YOUR INSTRUCTIONS: In your copy of the listing below, reproduce each word exactly and include no pictures.
:: COLLECTED DATA
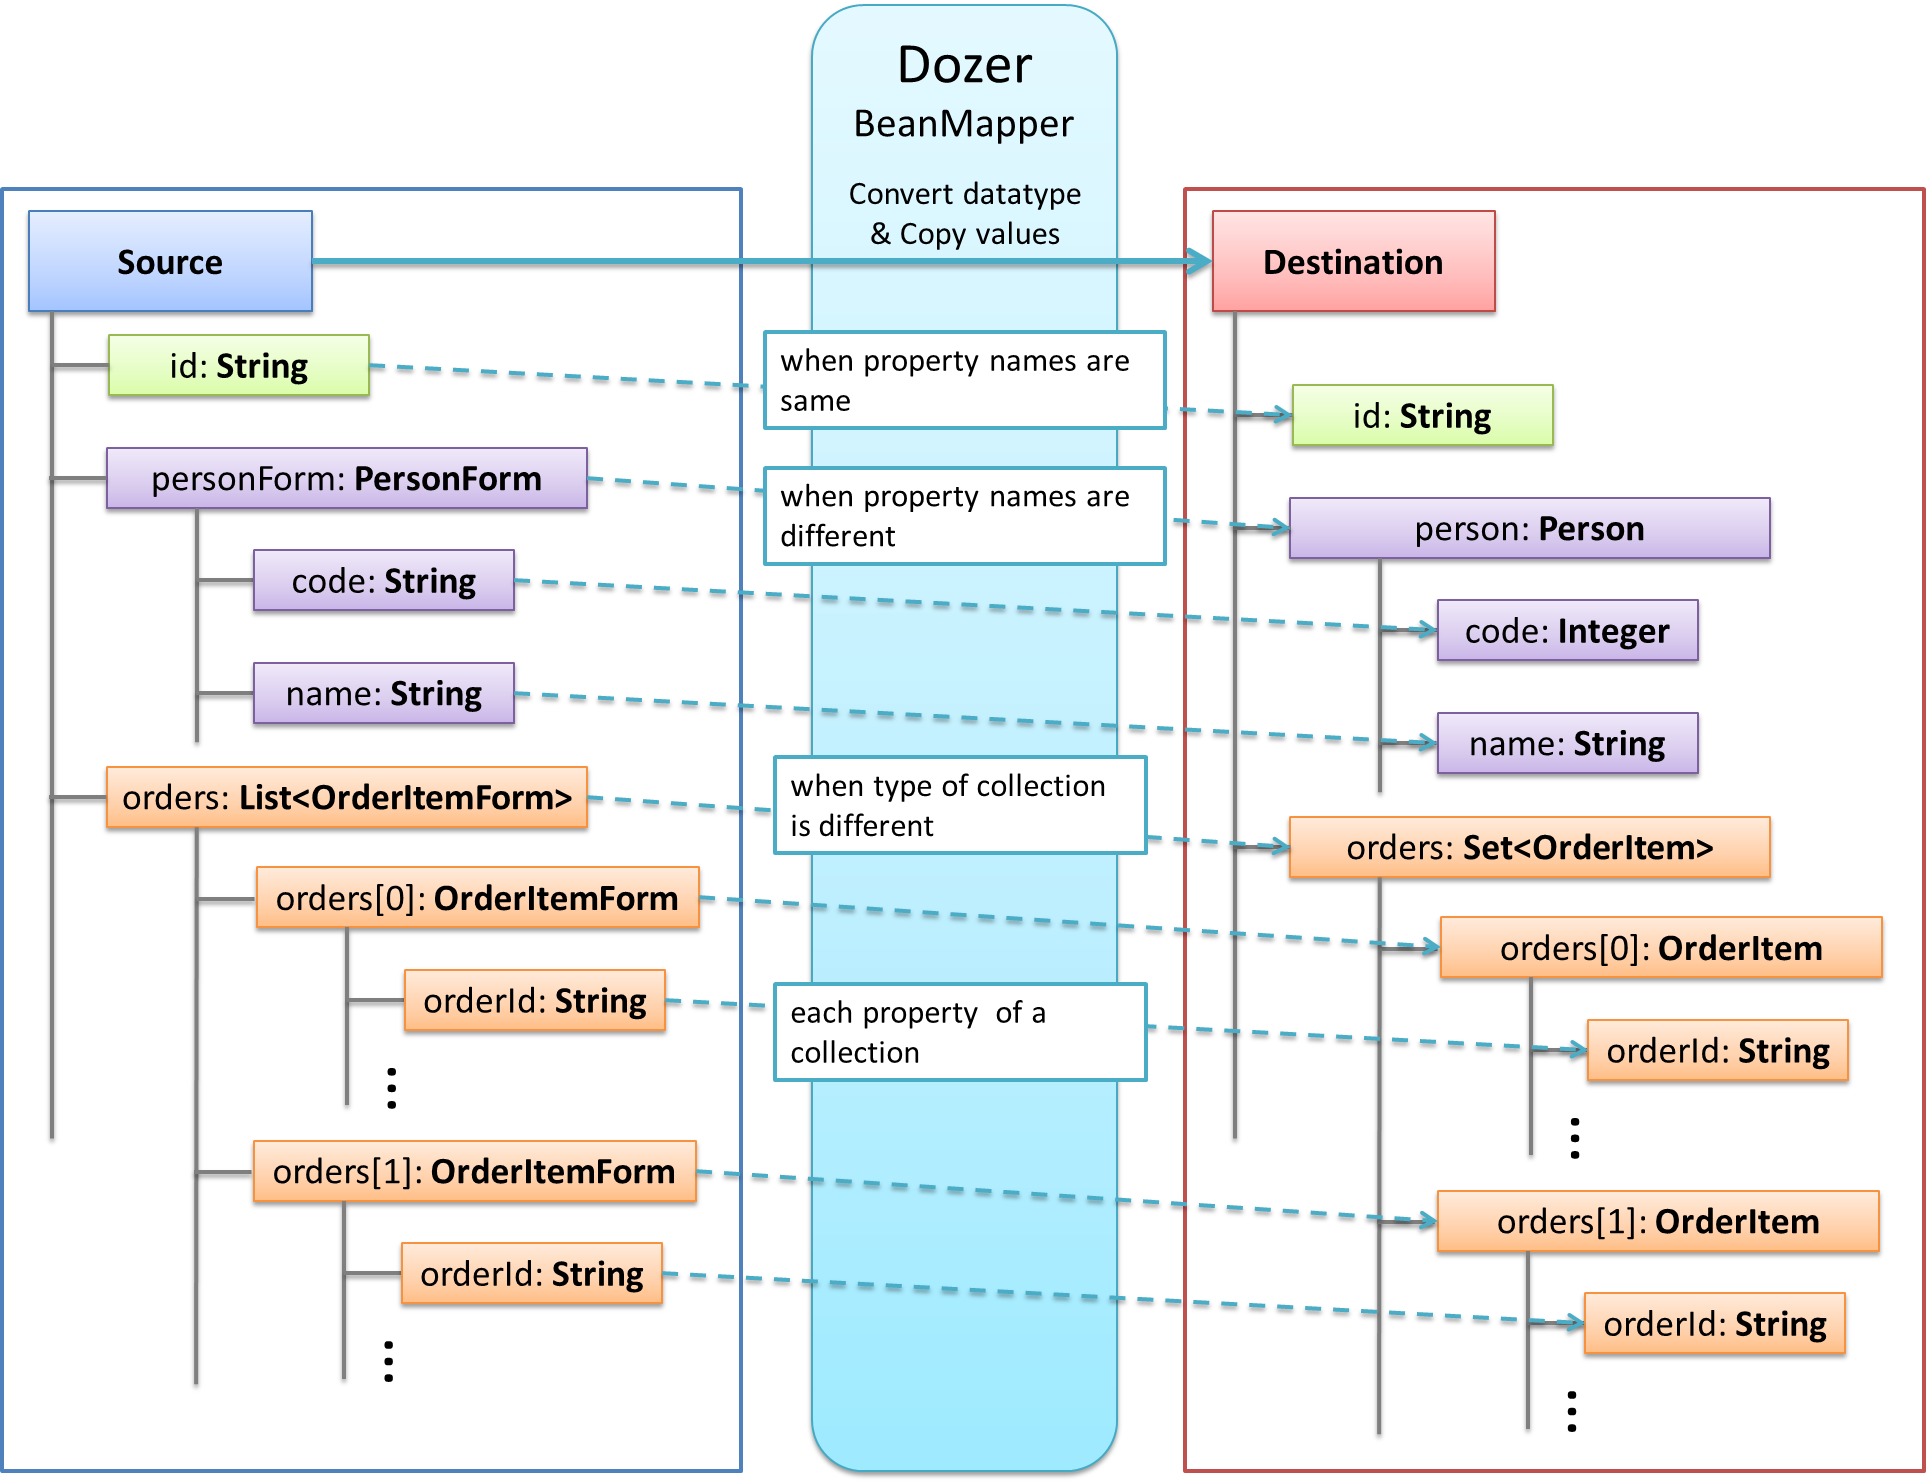 ../../_images/dozer-functionality-overview.png
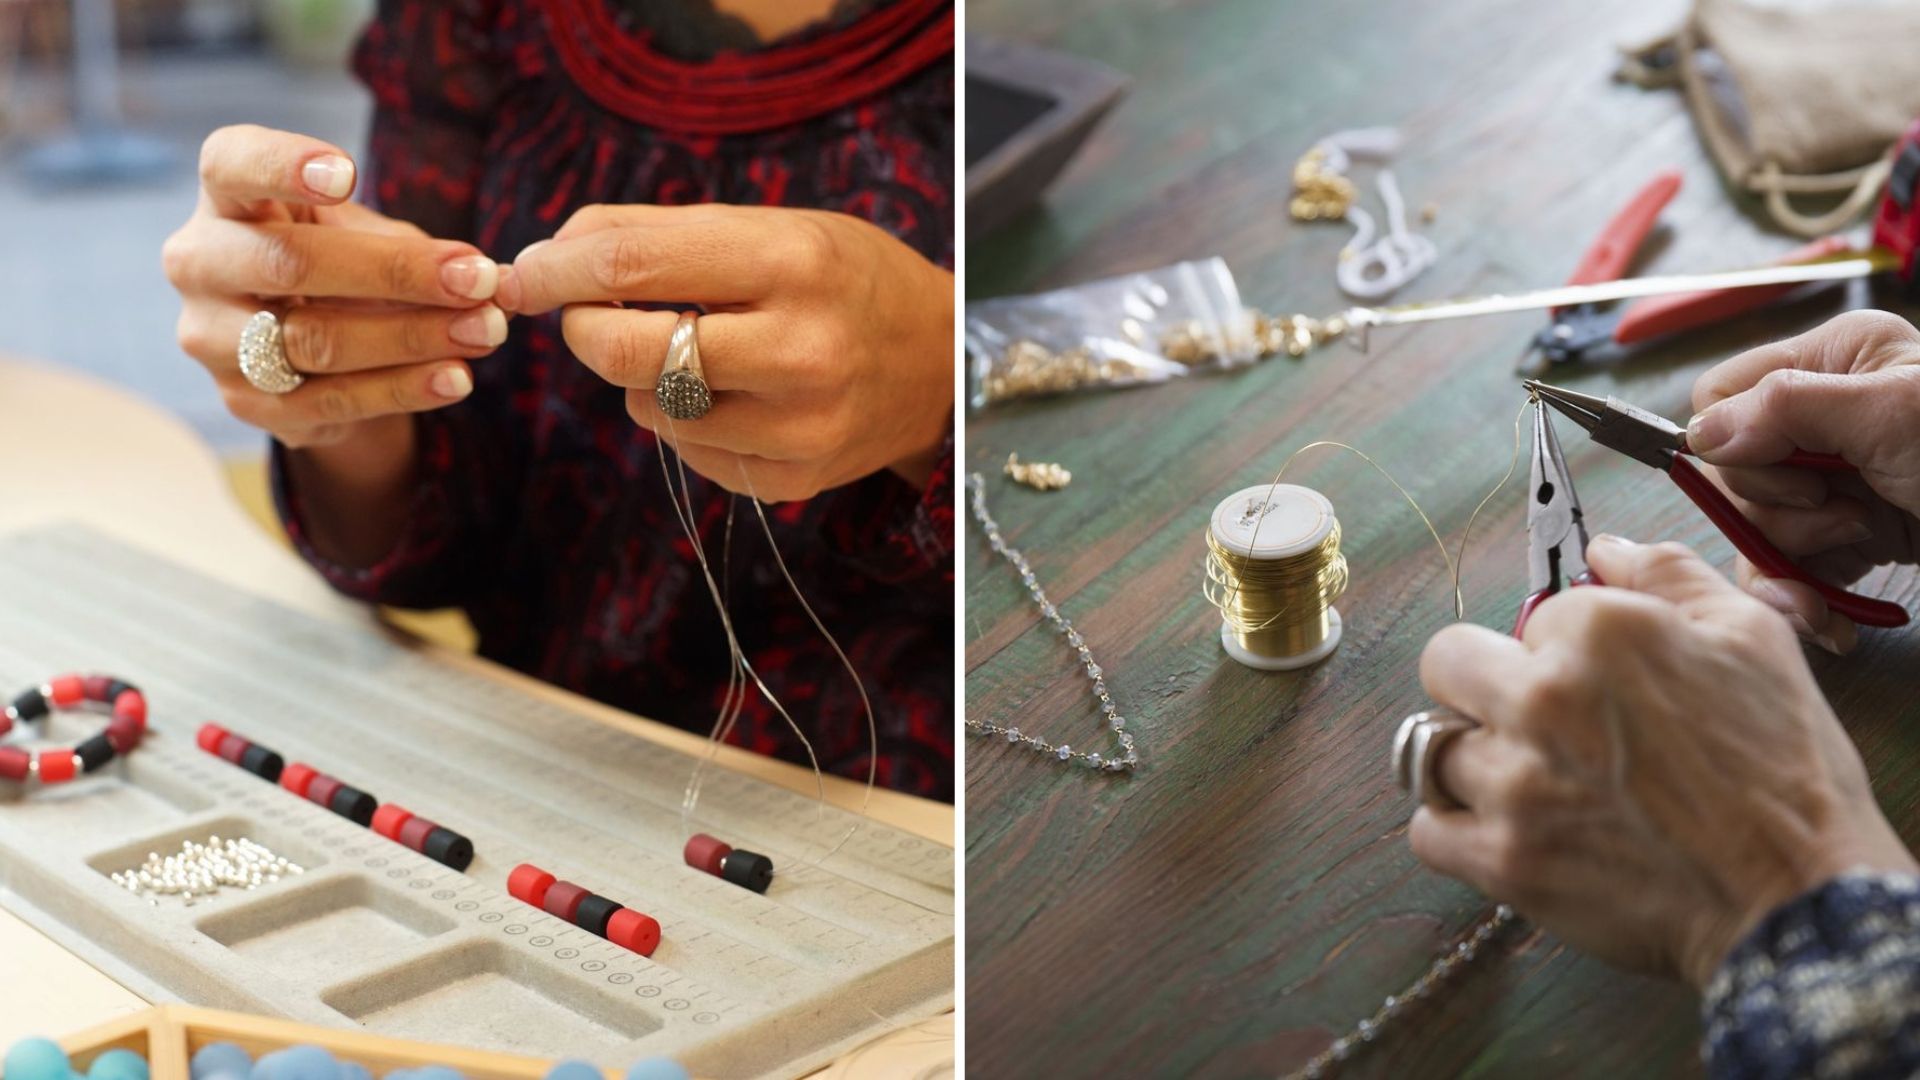 Two women making pieces of jewelry using different materials.
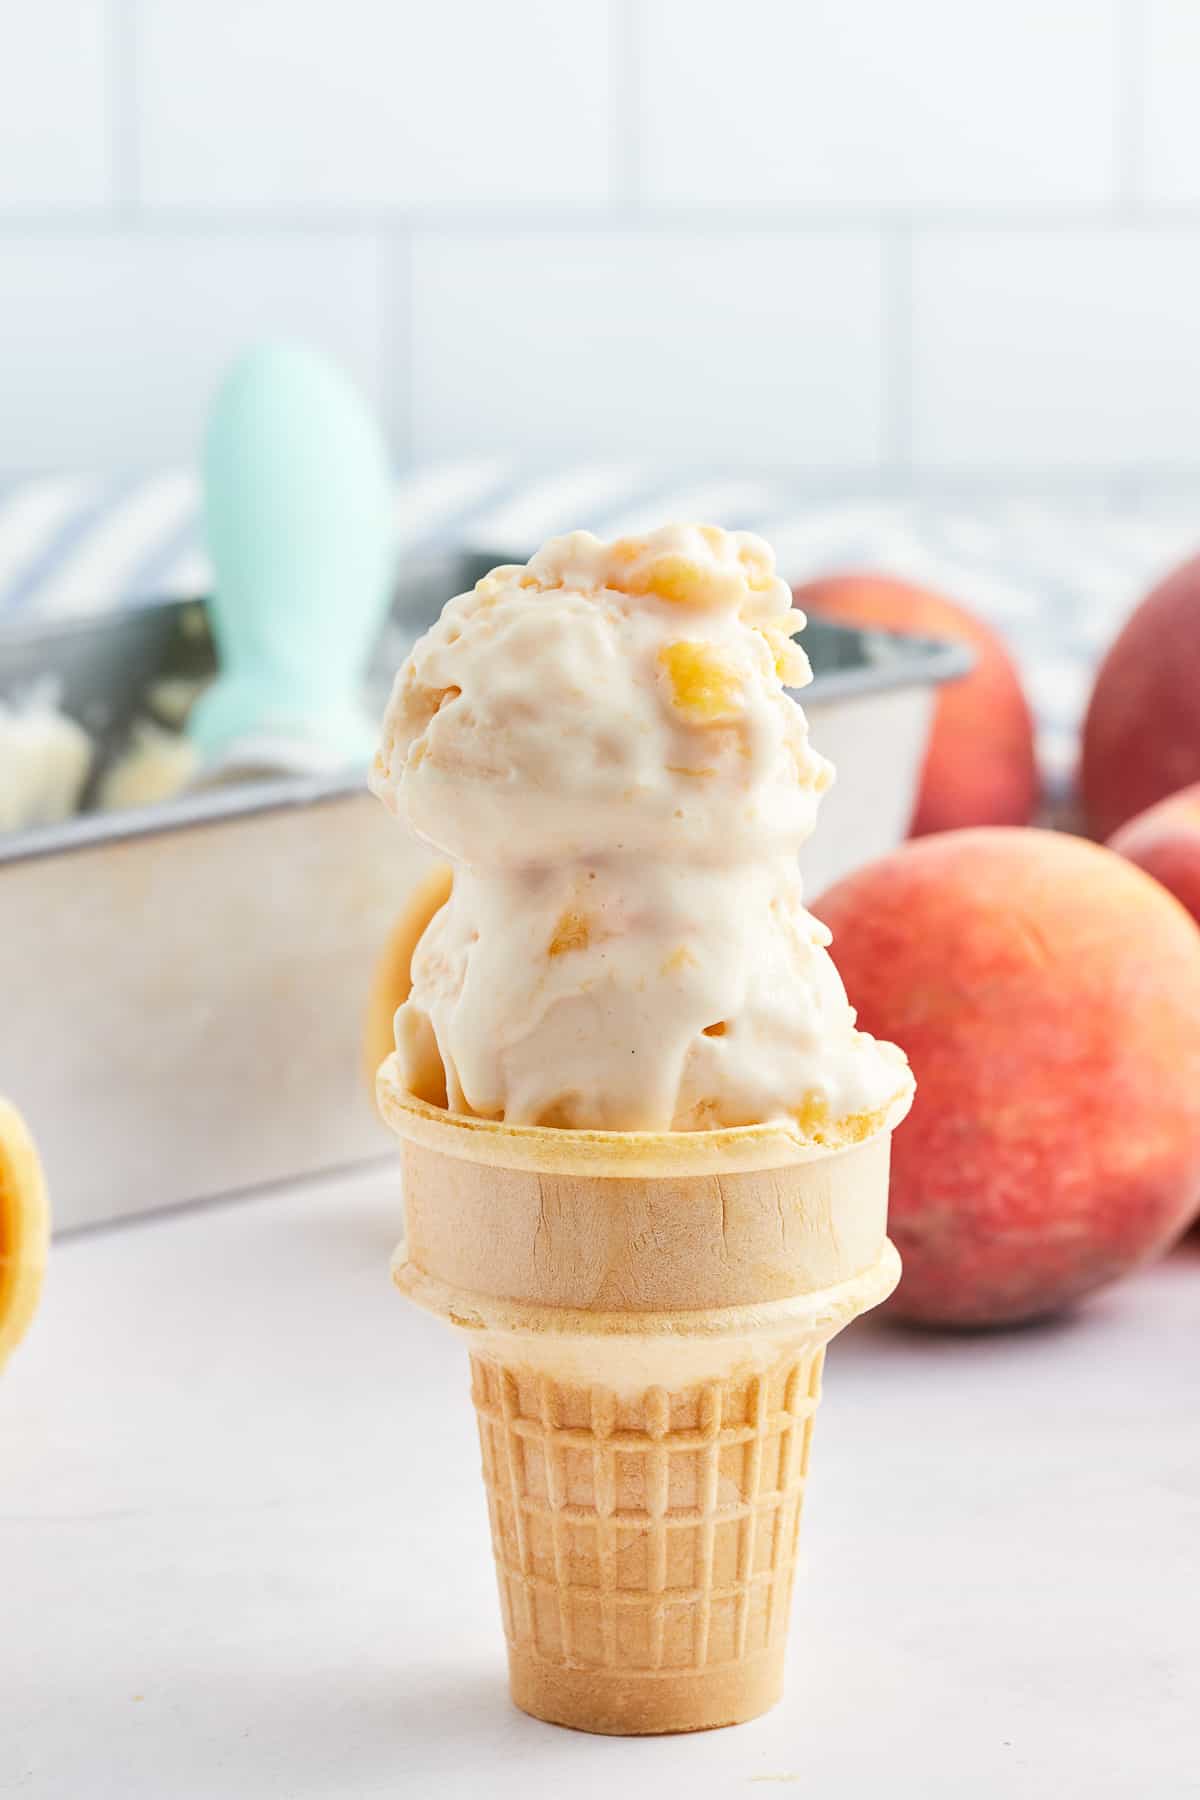 Two scoops of peach frozen yogurt on an ice cream cone in front of fresh peaches.
::::
OUTPUT:
 ../../_images/dozer-functionality-overview.png
 Two women making pieces of jewelry using different materials.
 Two scoops of peach frozen yogurt on an ice cream cone in front of fresh peaches.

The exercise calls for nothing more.